Things we would like to explore:
- Gender modeling of biographies seems reasonable as long as each of the labels is gender inclusive of trans and other similar labeling, Men ,Women and Non-Binary.
- There is a preference for there to be both a Gender Studies and Human Rights labels -- we are going to test on how to best model this with WikiProjects and Categories -- possibly filter out biographies from the Gender Studies bucket to improve data.
Further research questions
- There is an opportunity for community members to label better categories on Wikidata related to gender and gender adjacent topics (i.e. feminism, women’s schools, etc) to improve the quality of coverage of the topics.

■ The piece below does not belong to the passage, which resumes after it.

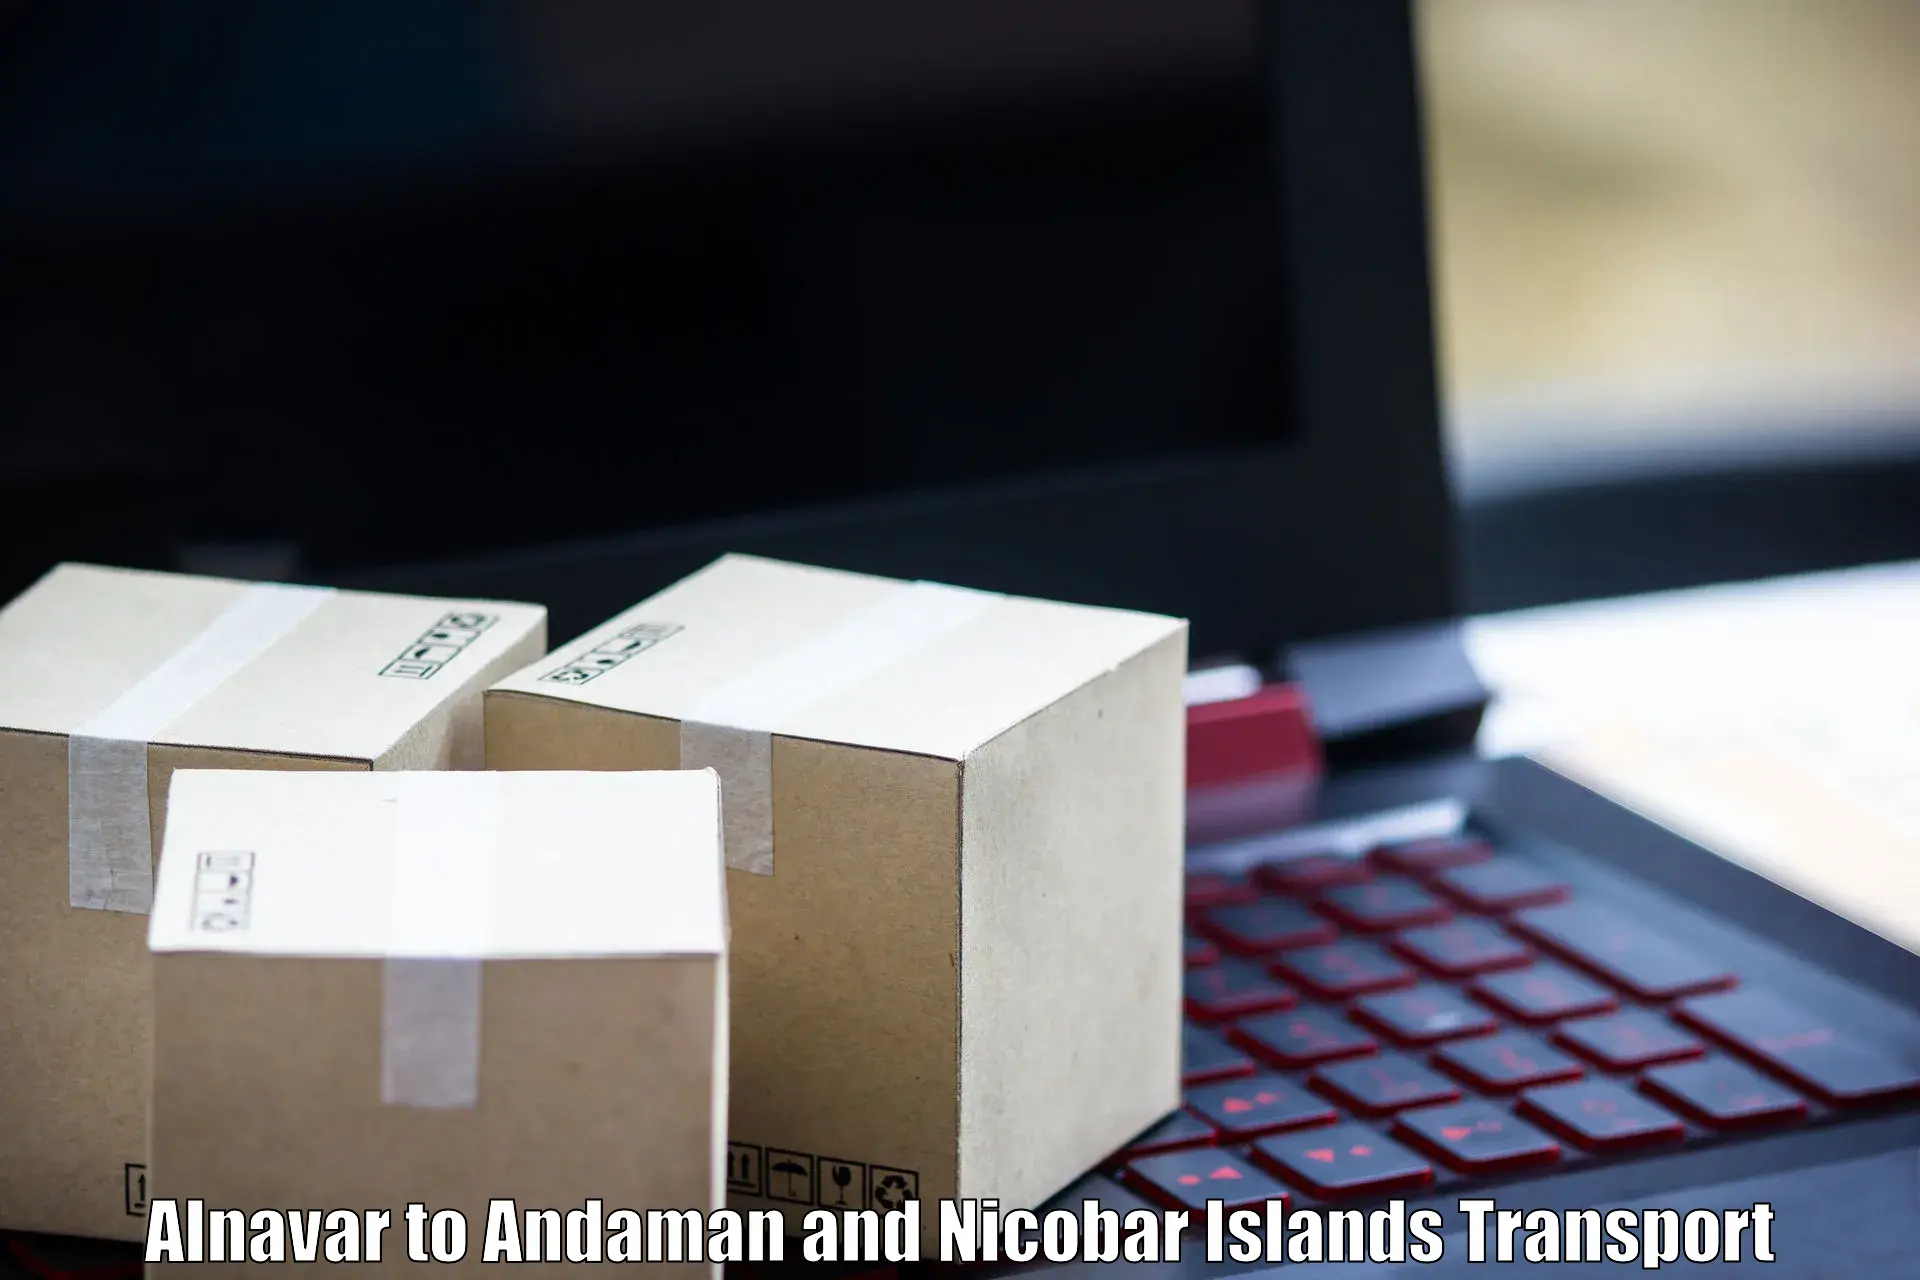 Road transport online services Alnavar to Andaman and Nicobar Islands

- In general, the coverage of Gender-adjacent WikiProjects beyond the biography on English Wikipedia is poor -- further research would help to understand the overall gaps in coverage.
Arts and culture
[edit]GLAM, Arts and culture topics are some of the most widely organized and deeply data connected parts of the organizing community. We wanted to make sure that the topic model connects with the data needs of the GLAM-Wiki community. 20 people were invite with ~12 participants participated in the conversation
Main findings
- Representations of Gender and most of the arts topics in the new model were generally appreciated.
- Cultural representation within arts and culture material is important -- sometimes a country is too restrictive or doesn’t cover the overall diversity that is important (i.e. ethnicity) or its origin (i.e. topics from a colonial history from one geography).
- The majority of conversation within the workshop focused on representation of eras or time periods in intersection with other topics, because arts and culture are focused on periods of time usually (i.e. Art from the mid-20th century)
- Craft WikiProject should be moved to Visual arts instead of Entertainment.
- WikiProject Comedy is overwhelmingly about Film so should be grouped there.
Things we would like to explore:
- Can we do the right size time unit for arts and culture, and history that works for biology as well?
- Intersections of identity, art topic or cultural topic with time is important -- most of the content has distinct historical eras reflected in the content, and the areas of focus.
Further research questions
- There is an opportunity to explore the use of various identifiers from external authorities as part of the topic model. We don’t have the capacity to do it at this time, but future research could look into this.